The Promise of This Place Endures
Yvonne Abraham, Immigration Reporter, Boston Globe
For two centuries, they have gathered up belongings and courage. They have clung one last time to those they loved, the ones who knew them best. They have scraped together fares, and climbed aboard buses and airplanes and the tops of trains. They have taken giant, terrifying, now-or-never leaps, believing that what they had yet to see must surely surpass all they were leaving behind.
My forbears were among them. In 1949, my grandfather took his wife and his three children and climbed aboard one of the many buses that were leaving his shrinking Lebanese mountain village. Word had spread that prosperity was possible in Australia. He gave up everything he knew on the chance that the stories trickling slowly back from the other side of the planet were true. His brother ran beside the bus as it pulled out of town: "Don't forget me!" They never saw each other again.
A generation later, I, too, leapt into the breach: I said goodbye to my family on a sunny Sydney morning, leaving my country for the first time, hoping for a bigger life in America. Now I spend my days writing about others who left so much, as my grandfather did. People with far more to escape, and lose, than he.
Dinka boys like Isaac Majak, who fled ravaged villages in Southern Sudan, growing into men on long, deadly treks to Ethiopia and Kenya, with only each other for protection. Men now living in Atlanta, or in Somerville, Massachusetts who, with their 80-hour-a-week jobs and their shared apartments, now live lives of which their relatives, slowly returning to their devastated villages, can only dream.
"I feel very guilty because they are really living under a zero life," Majak said of the family he left behind.
Cambodians like Chhan Touch, who trekked through jungles and crossed rivers crowded with floating bodies, desperate to escape certain death in the killing fields, seeing horrors along the way that would never leave them.
"They looked at the human race as a field of grass," Touch said of the Khmer Rouge. "The only way for a pure Utopian society is to kill all the grass."
Armenians like John Kasparian, who fled his village in Ottoman Turkey in 1915, just before Turkish fighters marched his friends and neighbors into an armory and set it ablaze.
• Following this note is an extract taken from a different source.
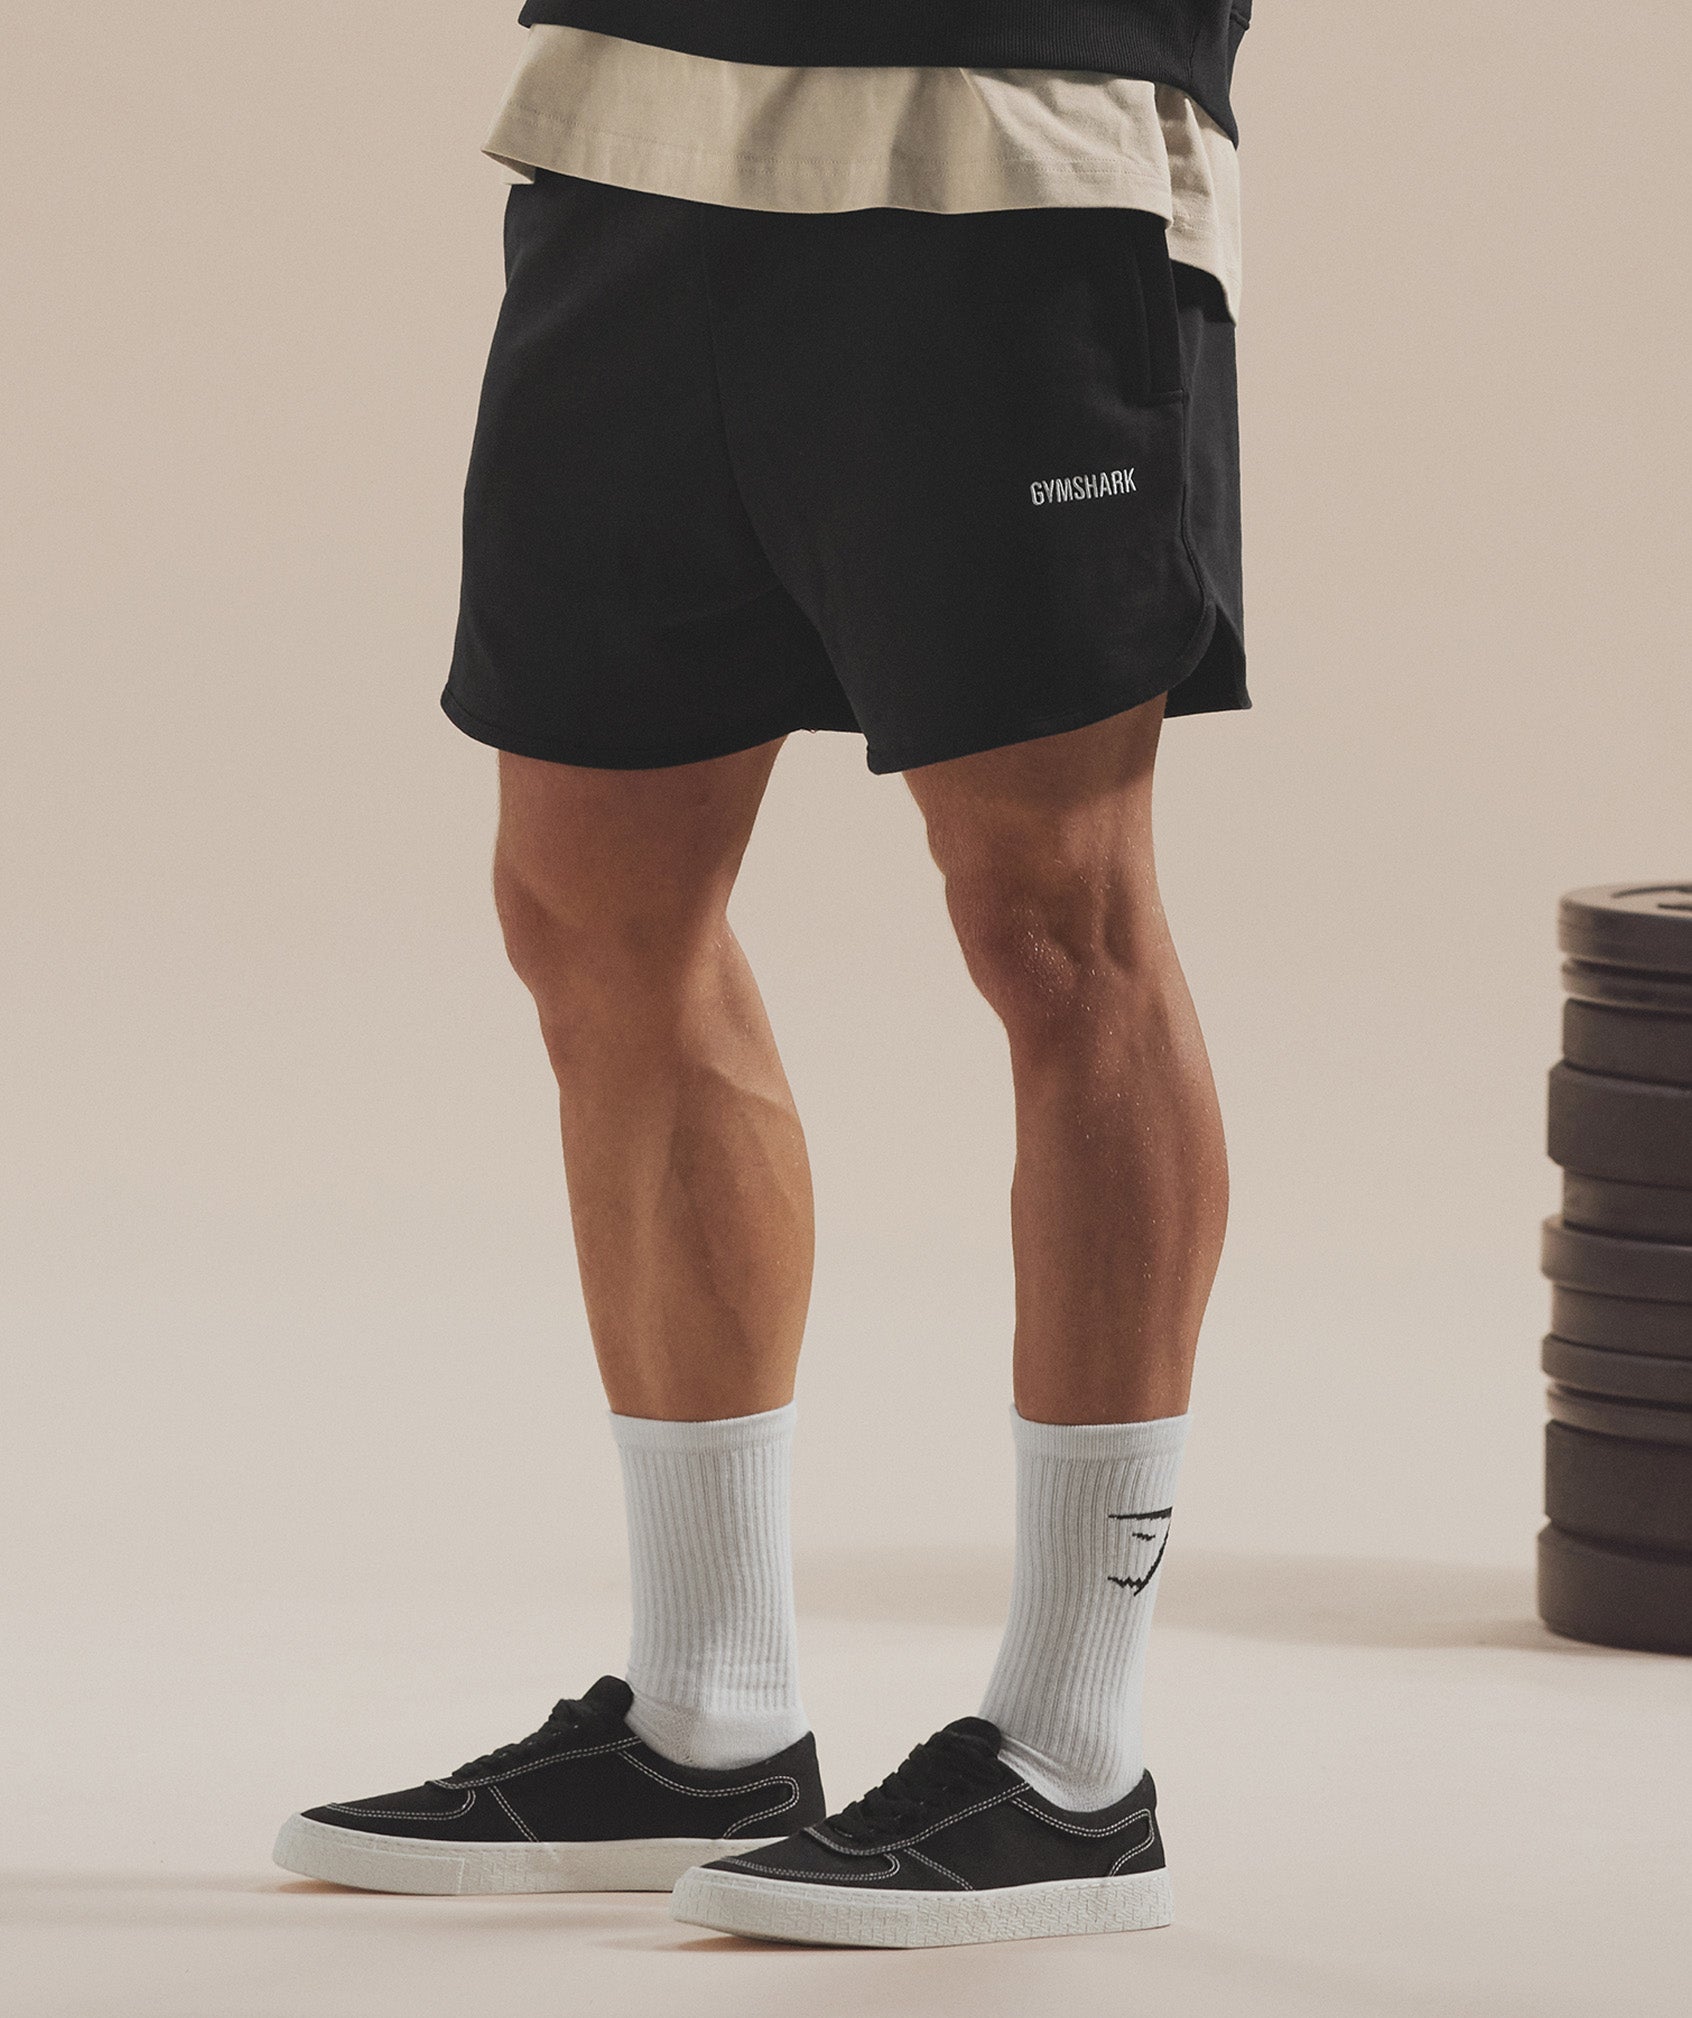 Rest Day Sweats 4'' Lounge Shorts in Black

"On the road, there was nothing to be eaten. I ate grass for days. It was a hell life to live," he said. "I don't look back. I forget about it, just looking forward. Thank goodness, I live in such a heavenly country."
Some gave up everything. Some had little to give up in the first place. In their struggles to escape or improve their circumstances, few of the immigrants with whom I spend my days gave any thought to the kinds of issues that drive the fractious national debate over immigration, which has so seized the nation in recent years.
Yet here they are, in the middle of the nation's struggle to reconcile the aspirations of the millions who seek entry with the equally worthy needs of those who arrived before them. The immigration debate in this country is so highly charged because it is an argument over what our national values are, and over who can lay claim to them. Such arguments are not quickly resolved. But they are vital.
With these awards, the Vilcek Foundation honors two immensely successful immigrants, people who took the chances this country gave and blazed spectacular, nationally prominent careers in science and the arts.
But the millions of others who have moved heavens and earths to find ways here, who have labored in obscurity to make lives for themselves and their families despite immense odds, are equally striking testaments to this one unassailable fact: The promise of this place endures.